Miss Grit’s Under My Umbrella finds Margaret Dewey Sohn stepping out from behind the circuitry and into something far more exposed. It is the second full-length from the New York–based artist, and it shifts the focus from concept to confession without losing the sonic control that defined their debut.

Sohn first drew attention with a run of EPs before breaking through with Follow The Cyborg, an album that framed identity through a sci-fi lens. It was precise, layered, and deliberately constructed. Under My Umbrella keeps that attention to detail intact, but the perspective has changed. This time, the internal world isn’t filtered through a character. It’s right there on the surface.

The album leans into a darker, more textured palette, pulling from trip-hop’s shadowy atmosphere while pushing toward something fuller and more immediate. There’s a dream-pop haze running through it, but it’s balanced by a sense of weight and density that keeps the songs grounded. Sohn still builds these tracks piece by piece, drawing on their background in music technology, but the end result feels less sealed off and more open to impact.

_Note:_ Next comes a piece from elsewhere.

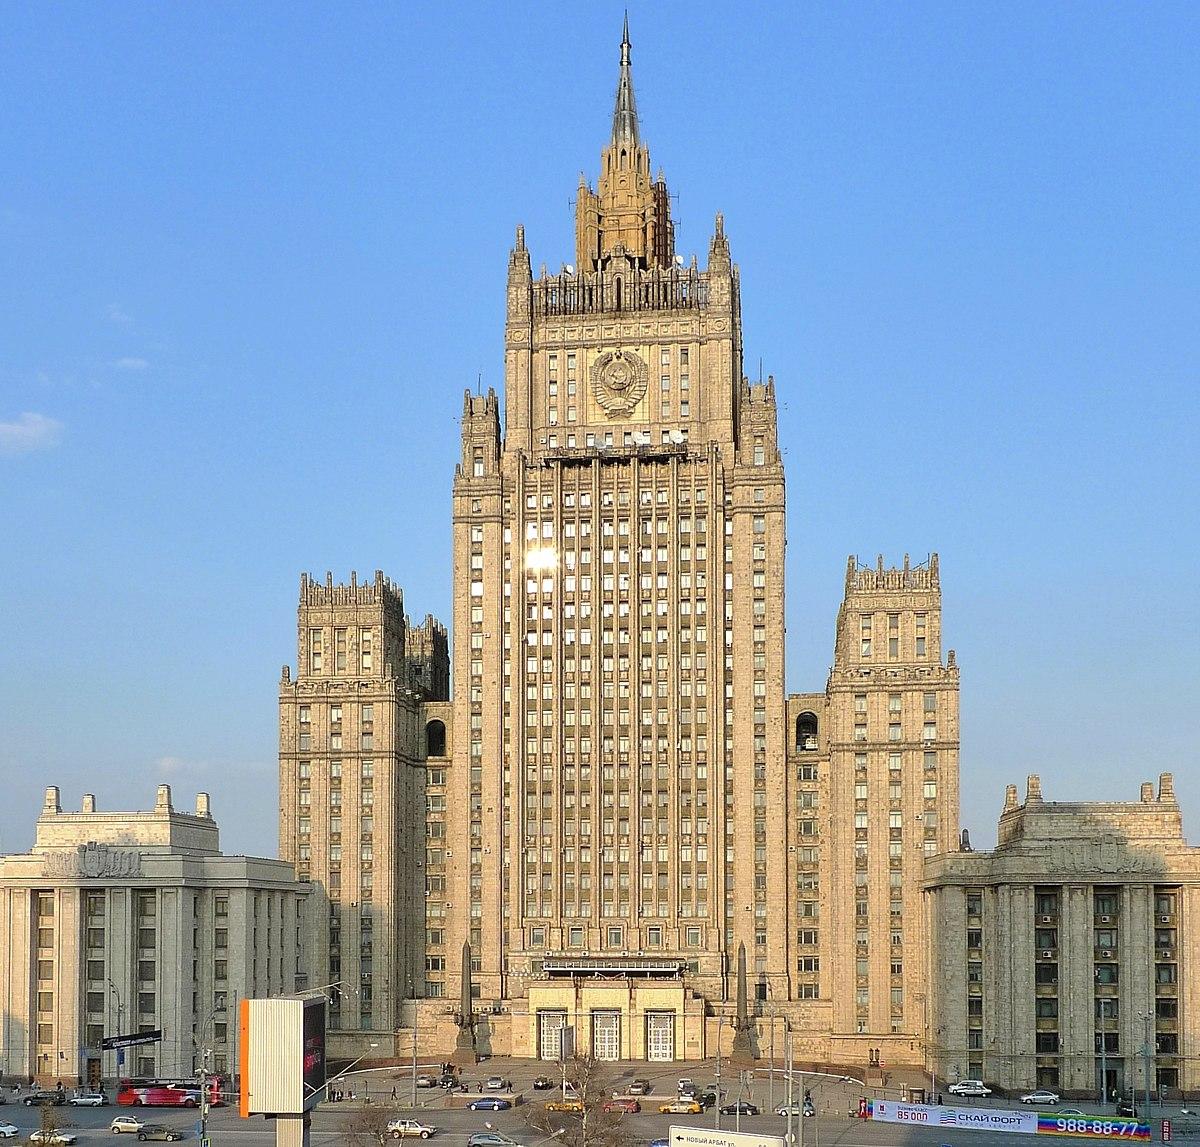 Ministerio de asuntos exteriores rusia wikipedia la for Oposiciones ministerio de exteriores

That shift lines up with how the record came together. After a stretch of solo touring across North America, driving themselves from city to city, Sohn came home carrying the kind of unfiltered energy that doesn’t translate easily into controlled studio environments. Instead of smoothing that out, Under My Umbrella leans into it. The performances feel closer to the edge, with less distance between the impulse and the finished track.

The title nods to Rihanna, but it also signals the record’s core idea. Sohn has described it as letting people in, not holding back, and leaving the “cyborg” framing behind. That decision reshapes the entire album. The themes are still rooted in identity, anxiety, and self-doubt, but they land more directly, without the conceptual buffer.

What stands out is how those ideas are carried by the production rather than buried under it. Sohn’s instincts as a producer are still front and center, but the complexity never overwhelms the emotional core. The songs move with purpose, balancing tension and release in a way that mirrors the push and pull of the subject matter.

Under My Umbrella doesn’t abandon what made Miss Grit compelling in the first place. It refines it. The precision is still there, the sound still unmistakably theirs, but the distance is gone. It’s a record that trades protection for clarity, and in doing so, lands with more weight.